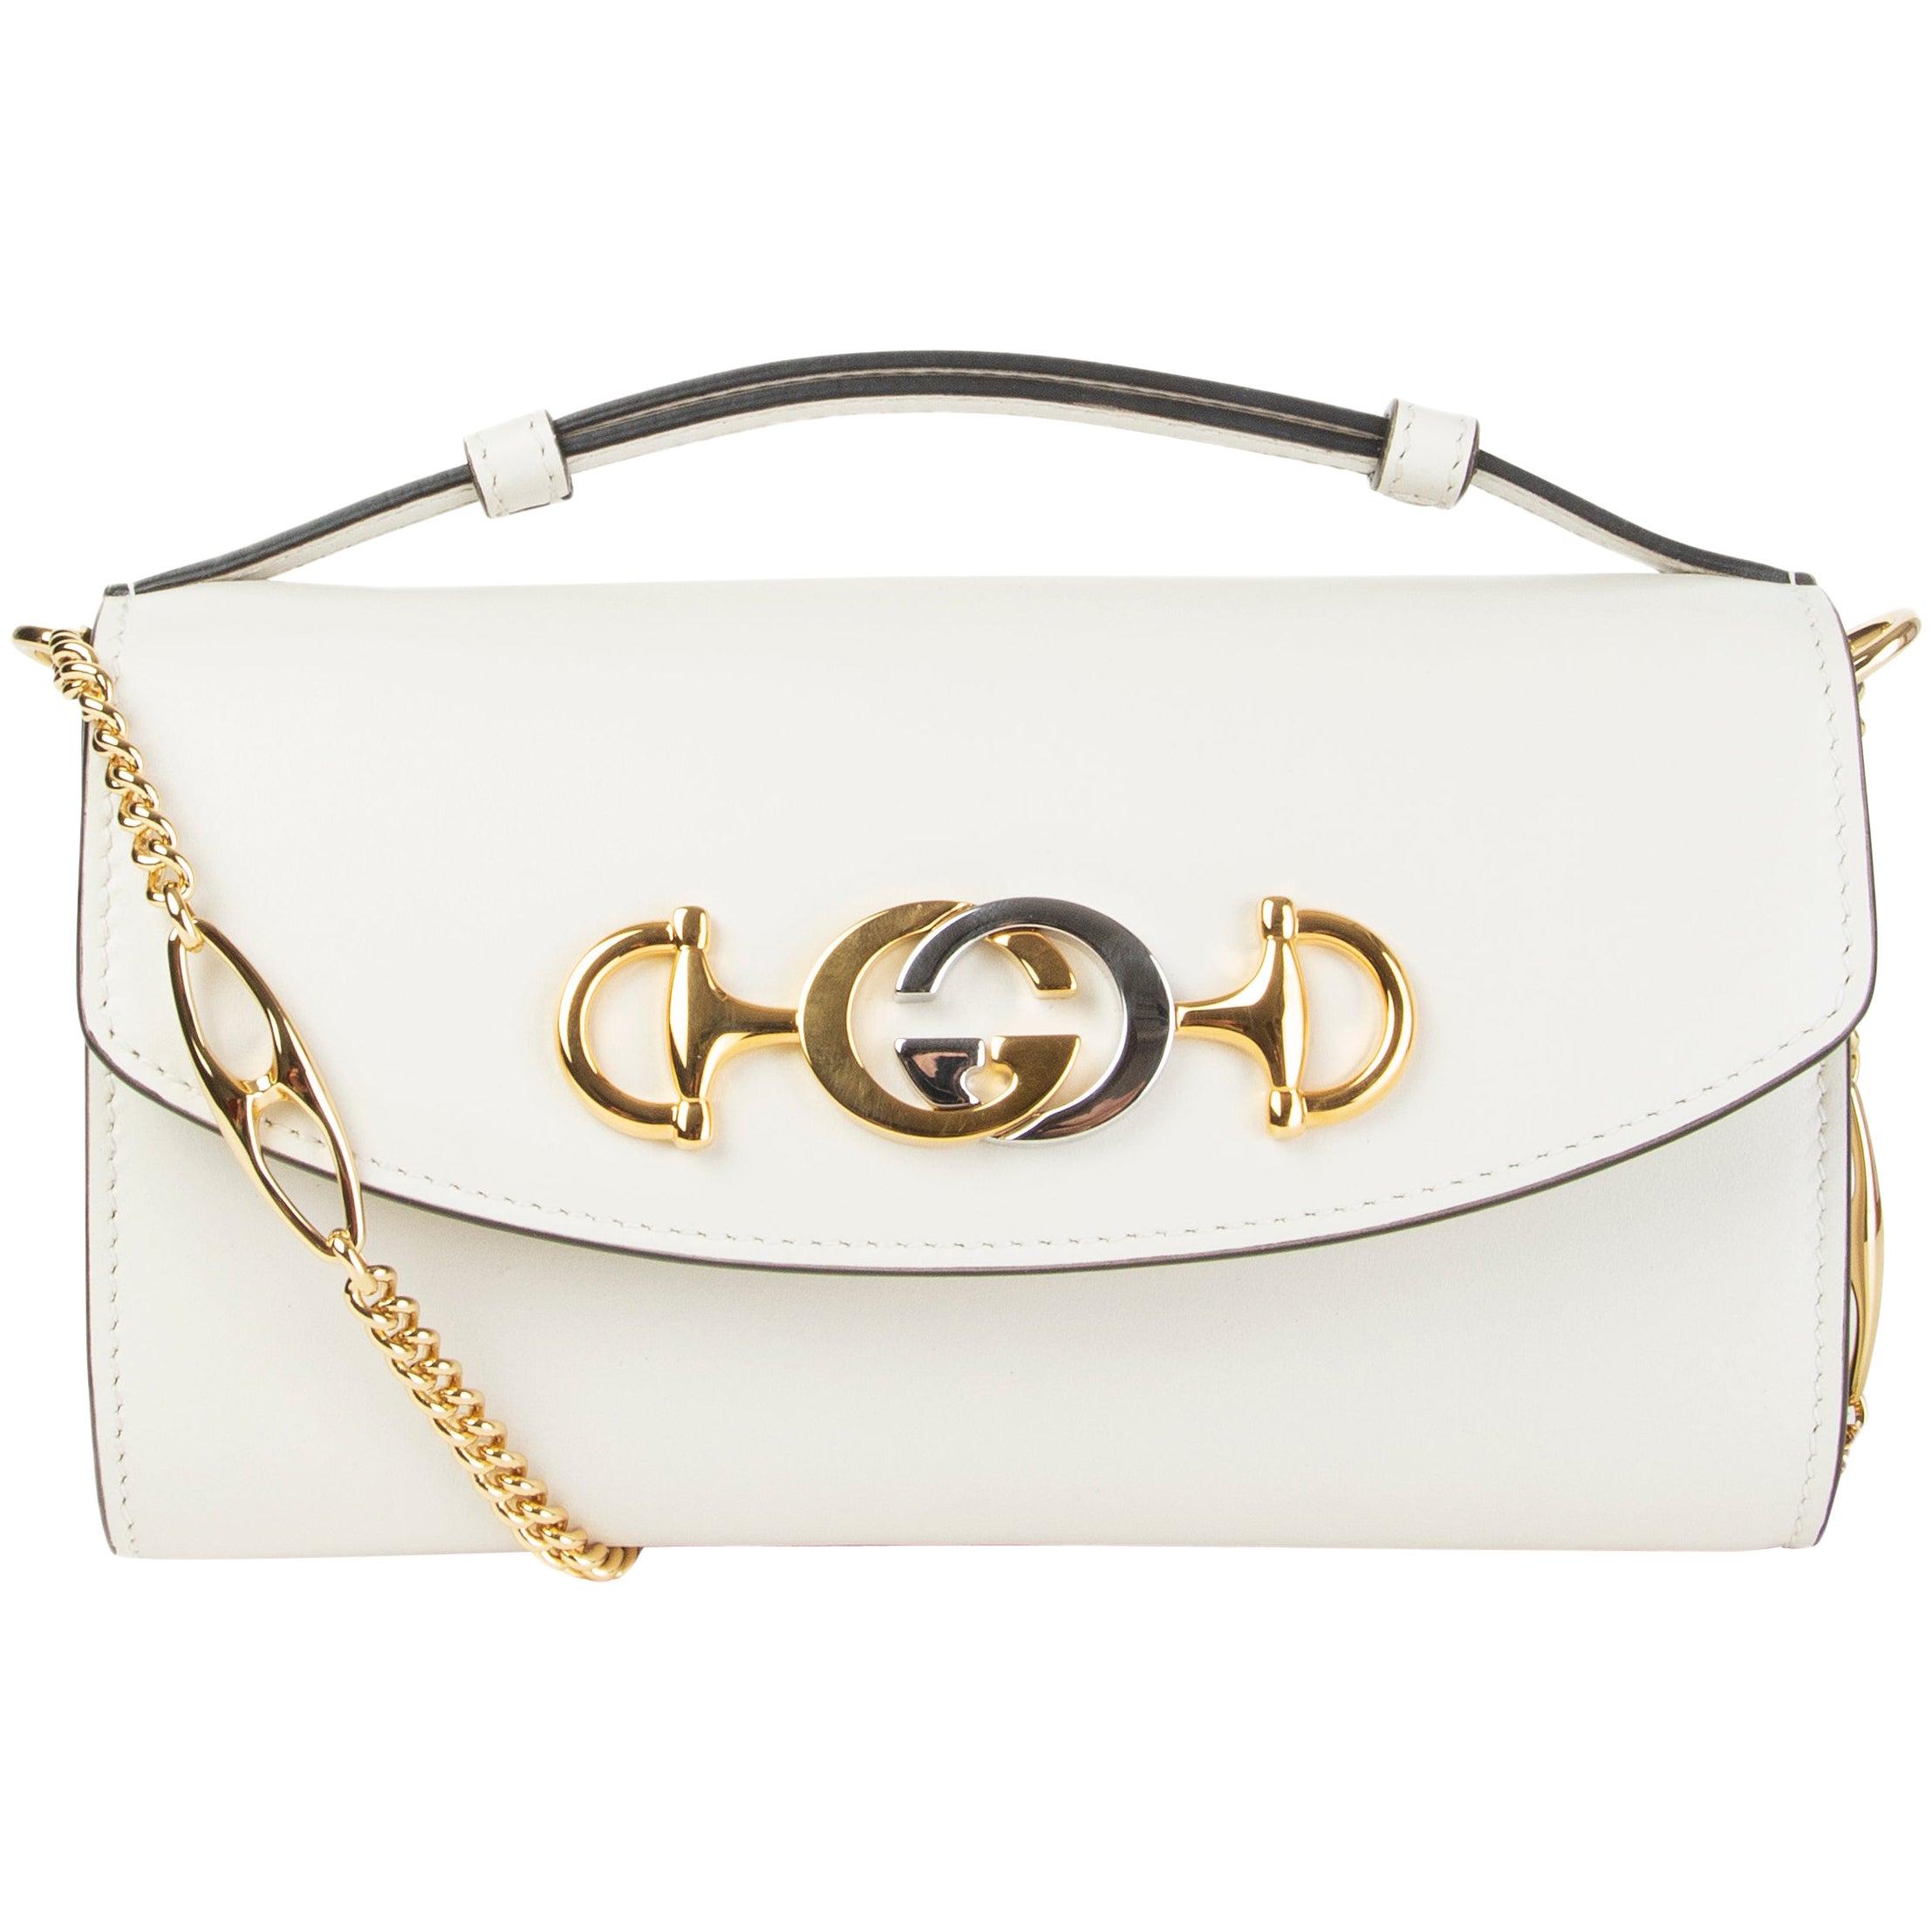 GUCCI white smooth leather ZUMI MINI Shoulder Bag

---

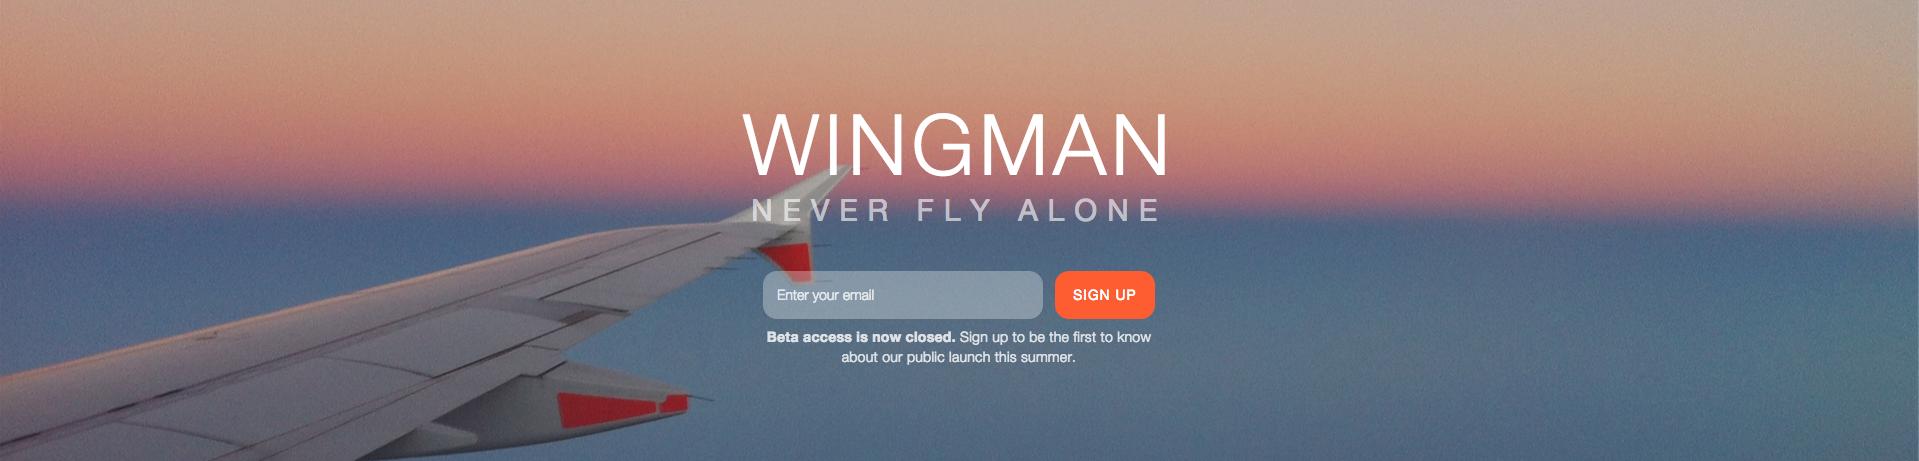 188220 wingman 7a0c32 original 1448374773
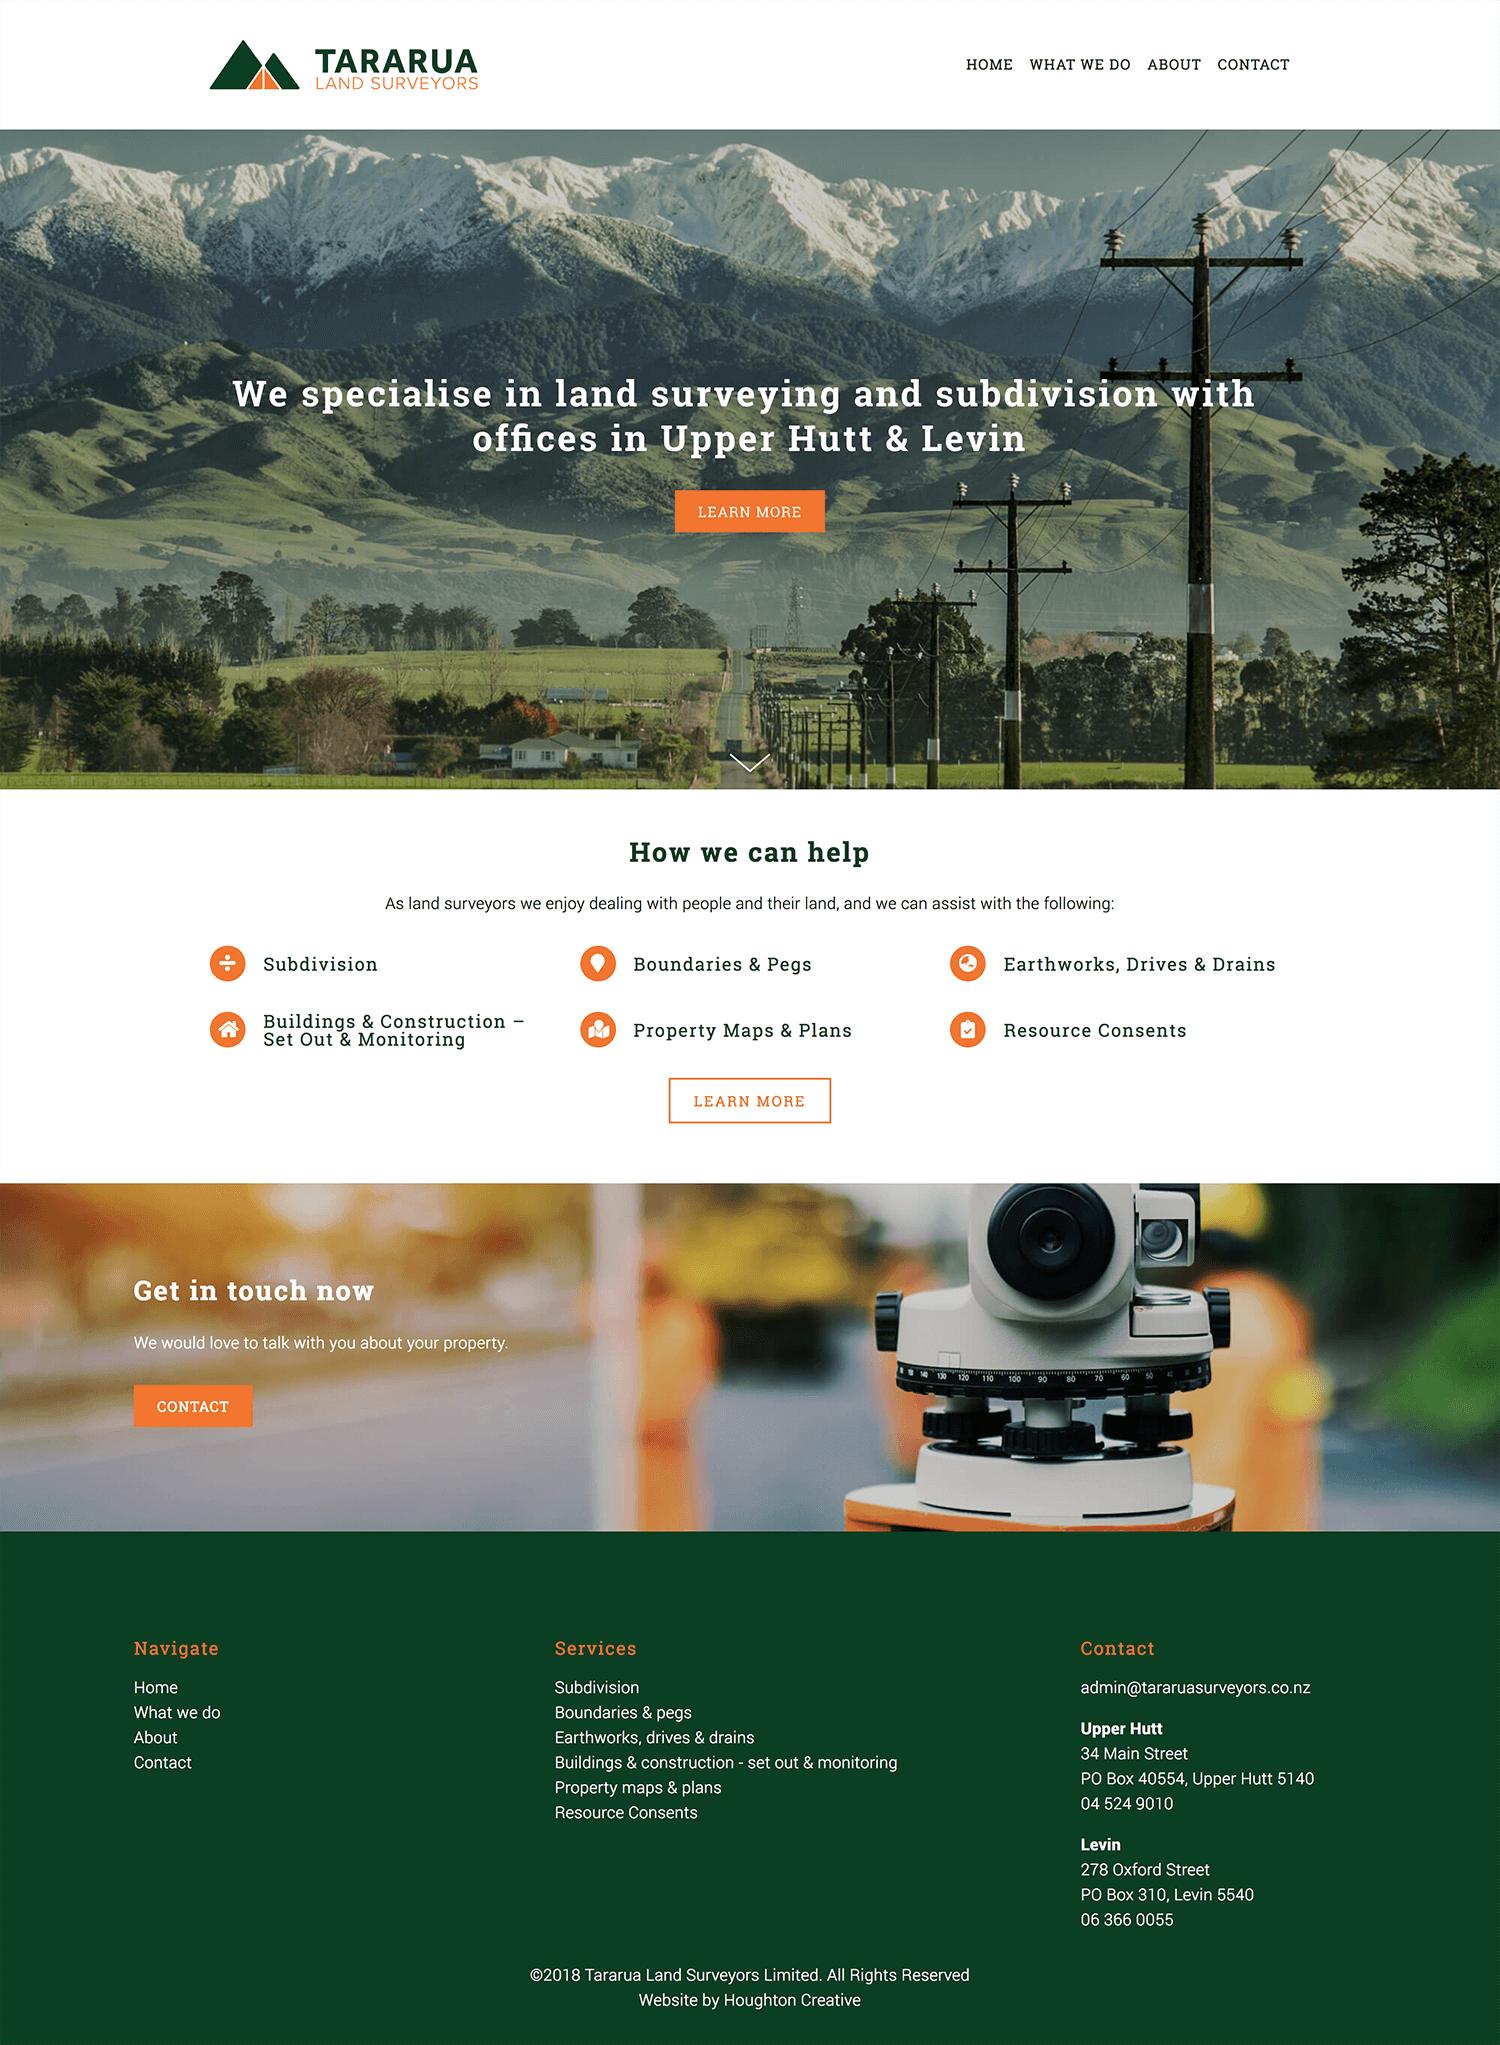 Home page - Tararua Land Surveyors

---

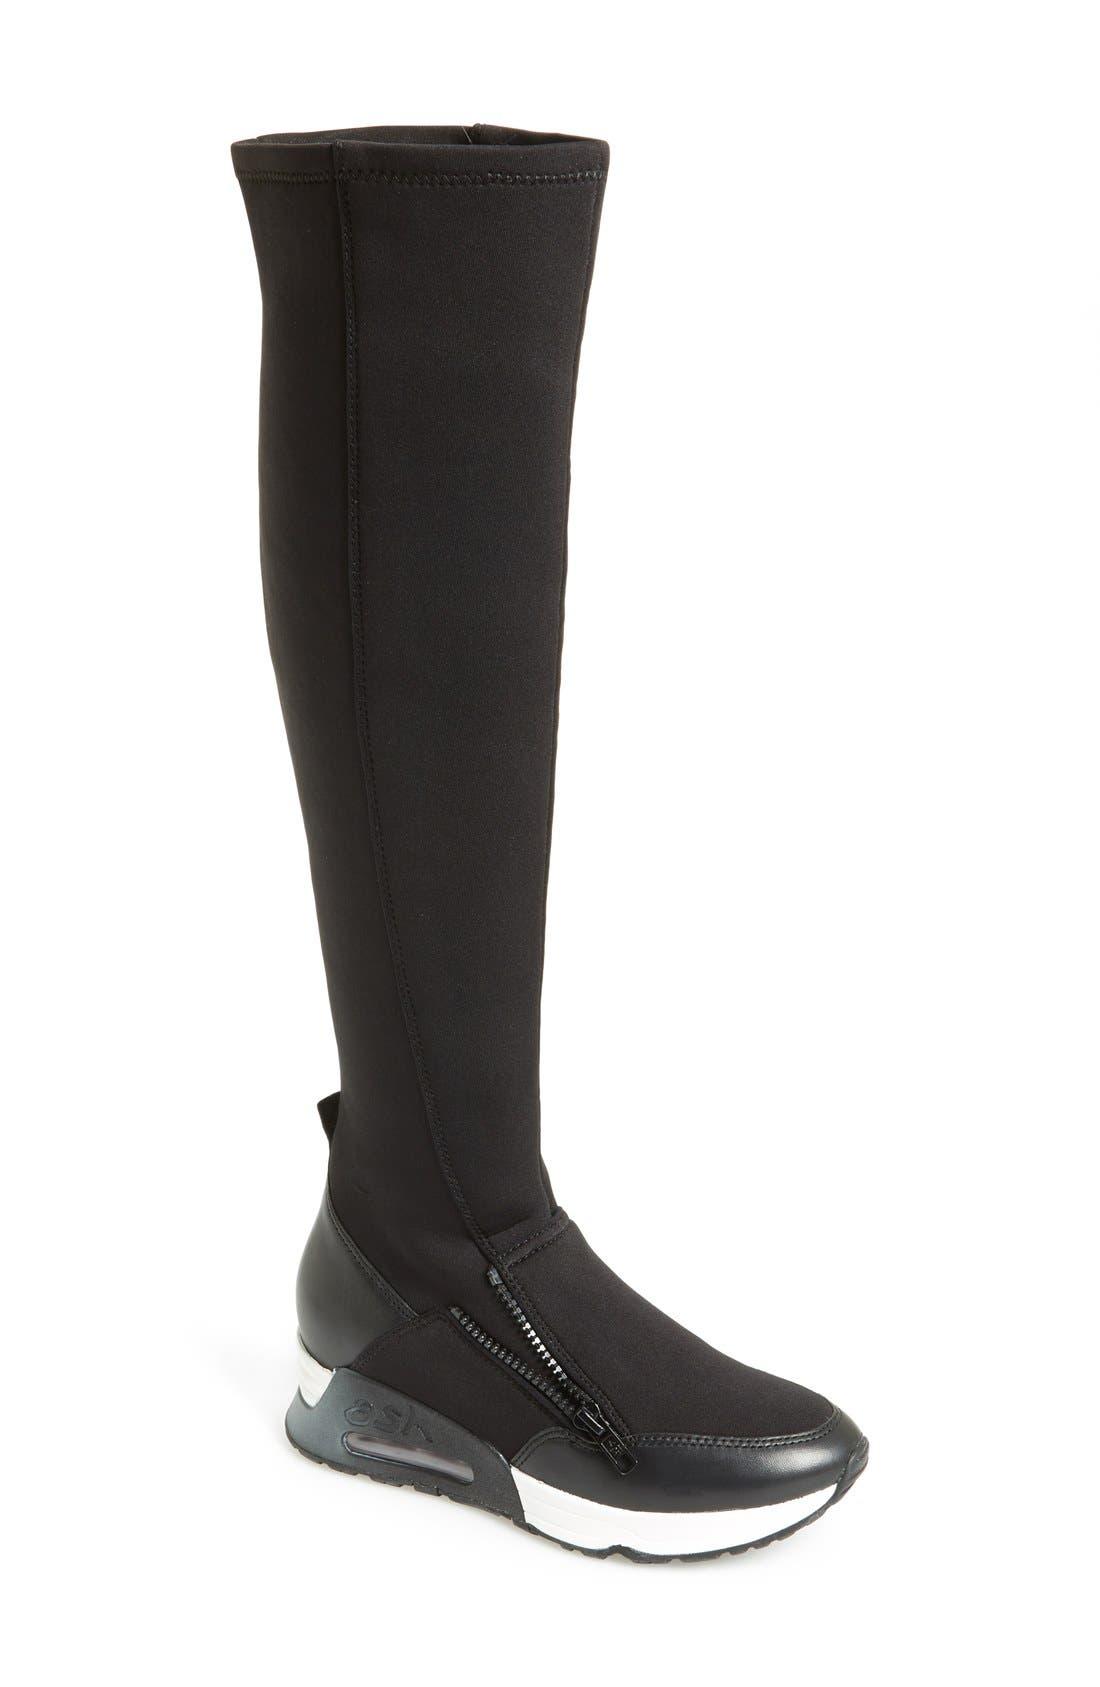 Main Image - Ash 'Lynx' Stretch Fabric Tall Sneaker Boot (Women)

---

**Directions for this task**
Find the line with "188220 wingman 7a0c32 original 1448374773" and the line with "Home page - Tararua Land Surveyors" in the records above. Copy both and all lines between them exactly, without pictures.

**Exercise result**
 188220 wingman 7a0c32 original 1448374773
 Home page - Tararua Land Surveyors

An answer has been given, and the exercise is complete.